The risk of developing moyamoya syndrome is highest for patients who are irradiated for tumors typically located around the circle of Willis where the moyamoya pathognomonic vascular changes occur, such as optic glioma, craniopharyngioma, and germ cell tumors23). Optic glioma is of particular interest. According to the study mentioned above, in the 12 moyamoya syndrome patients, 10 patients received radiation for an optic glioma48). Many optic gliomas develop on the NF-1 background. NF-1 is an independent risk factor for moyamoya syndrome33). Therefore, there is an additive or even synergistic risk for moyamoya vasculopathy if these factors, which include NF-1, optic glioma, and irradiation, are combined in the same patient. There seems to present a dose-response relationship between radiation and moyamoya syndrome with increasing risks with escalating radiation dosage, especially over 50 Gy48). It is noteworthy that NF-1 patients are vulnerable to lower dose radiation. In a study of 54 patients with radiation-induced moyamoya syndrome, the average radiation dose was 46.5 Gy for NF-1 patients and 58.1 Gy for patients without NF-18).
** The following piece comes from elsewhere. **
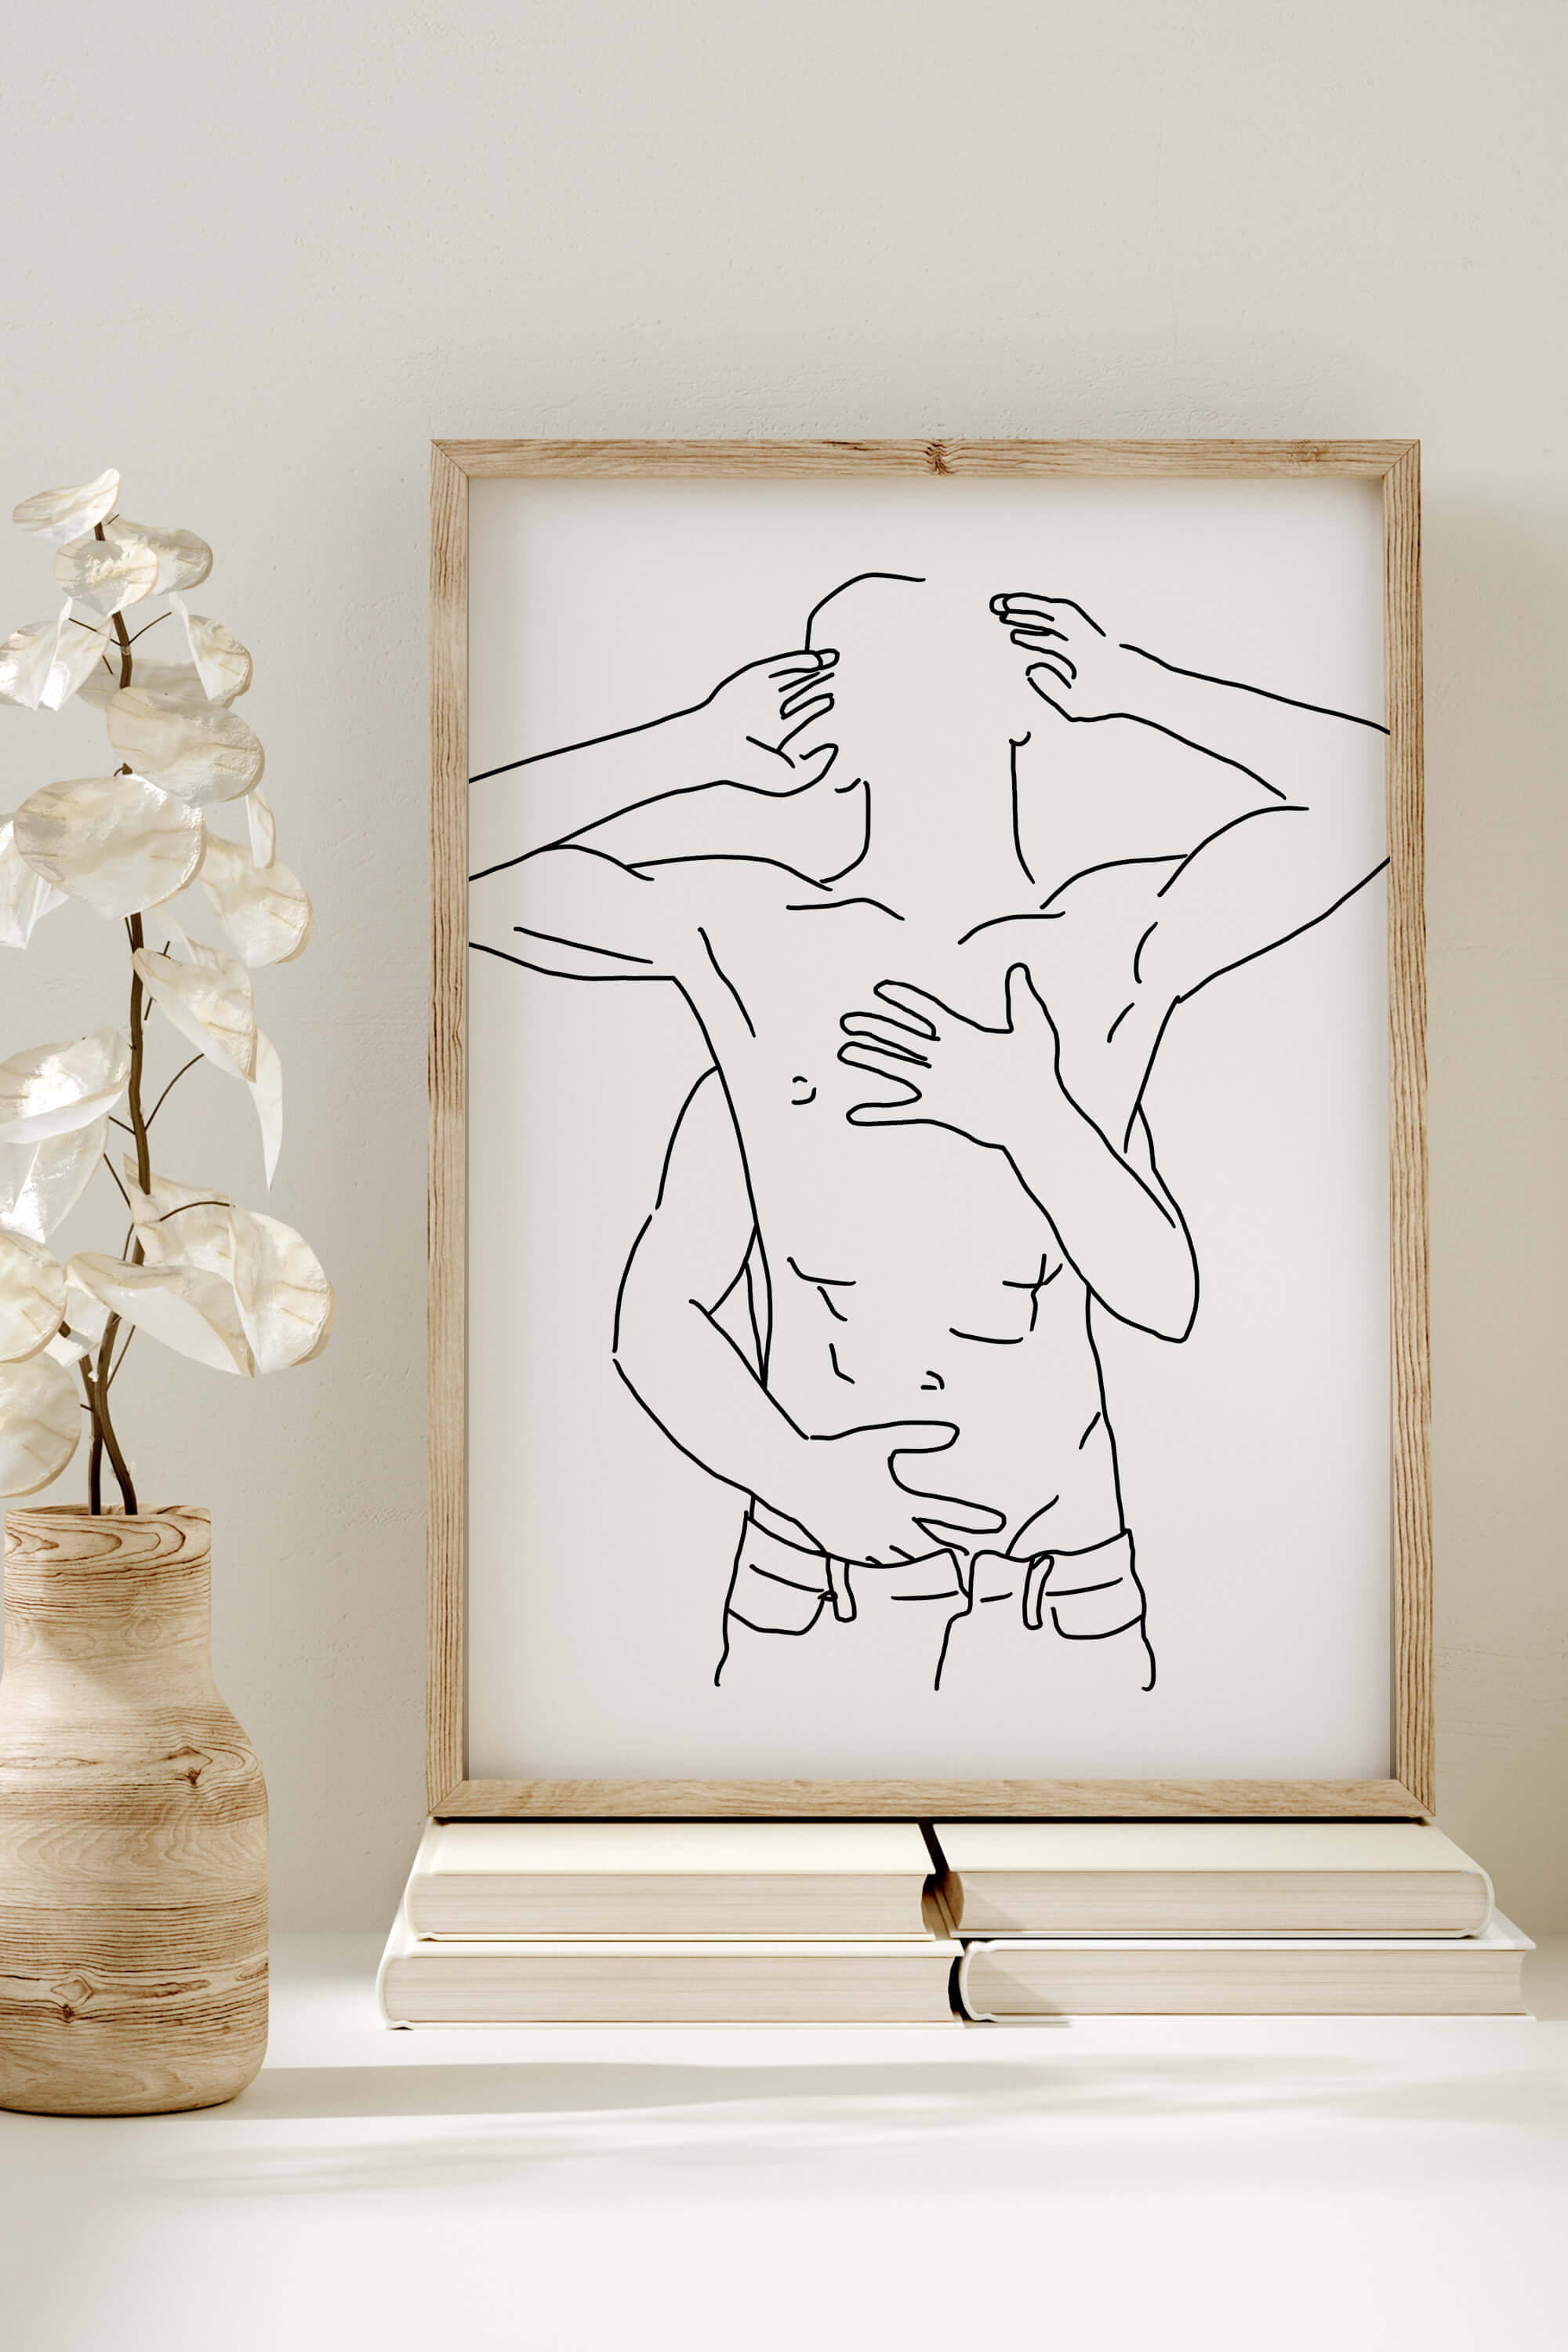 Male couple line art in monochrome, showcasing the beauty of love and devotion. This art print enhances living spaces with its minimalist yet powerful depiction of passion and connection.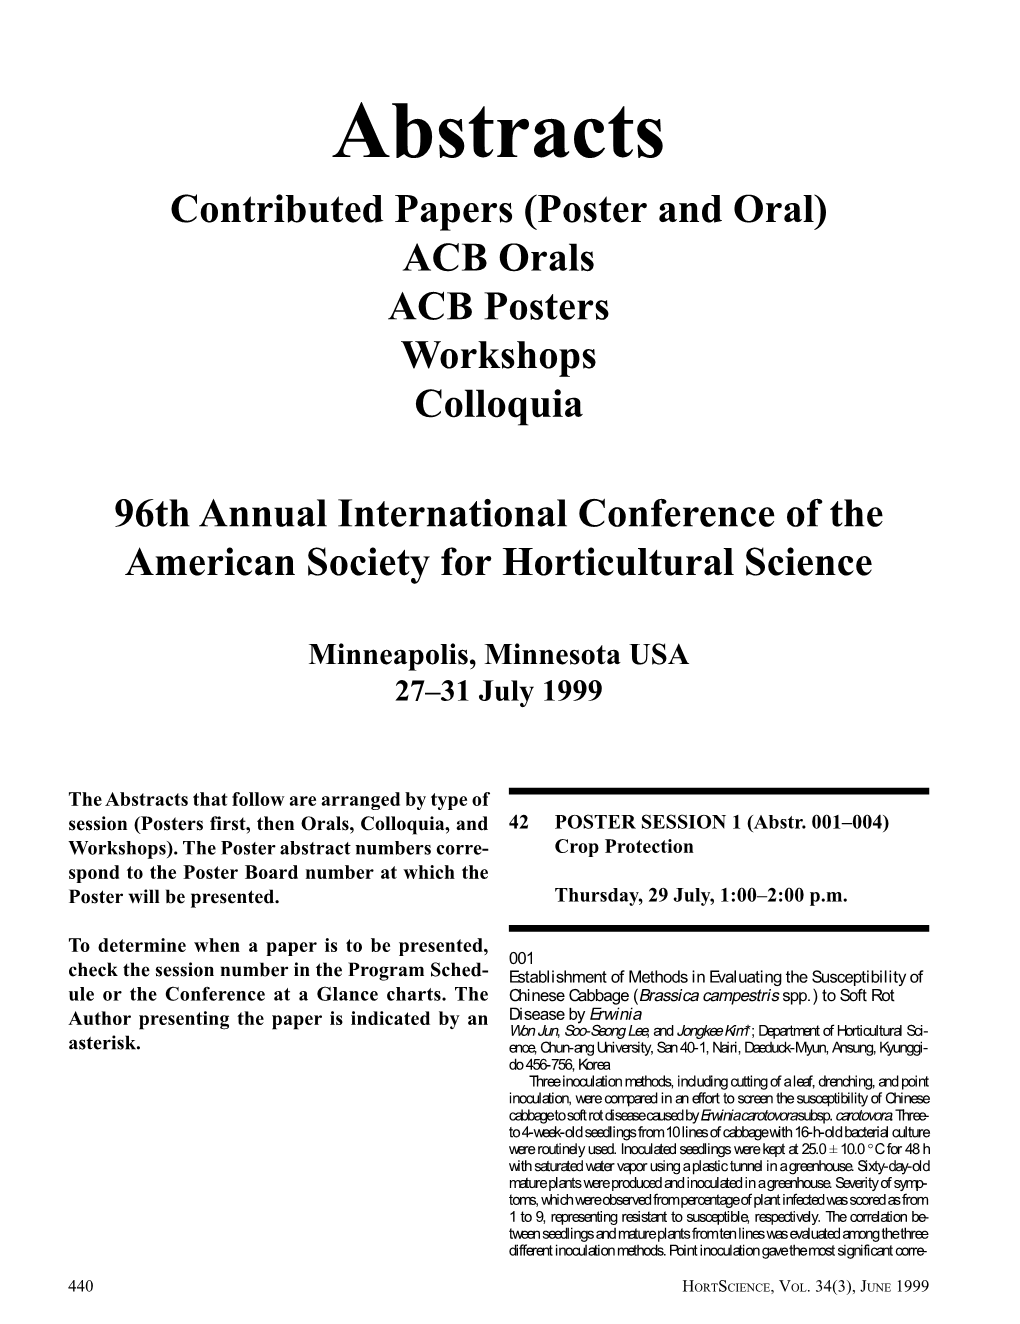 Abstracts for the 96Th Annual International Conference of The

Radiation-induced moyamoya syndrome occurs predominantly in children. Studies suggested that younger age at the time of irradiation increased the risk of moyamoya syndrome8,33). The time interval between irradiation and moyamoya symptoms onset is 2-5 years, but it is highly variable33,48).
Exploration of moyamoya syndrome can provide us with a different insight into moyamoya disease pathogenesis. It also confers a clinically valuable guide to manage the tricky diseases associated with moyamoya syndrome. And more importantly, many of the associated conditions were often weirdly interrelated. The interrelationship of NF-1, optic glioma, and irradiation is one example, and the immunological hypothesis binding Down syndrome, Graves' disease, and moyamoya disease together is another. More comprehensive epidemiological, genetic, and clinical studies will reveal the unknown facts and hidden links connecting all moyamoya-like vascular phenomena in the future.
This research was supported by a grant of the Korea Health Technology R&D Project through the Korea Health Industry Development Institute (KHIDI), funded by the Ministry of Health & Welfare, Republic of Korea (grant number: HI12C0066) and a grant [No. 0320140410 (2014-1219)] from the Seoul National University Hospital.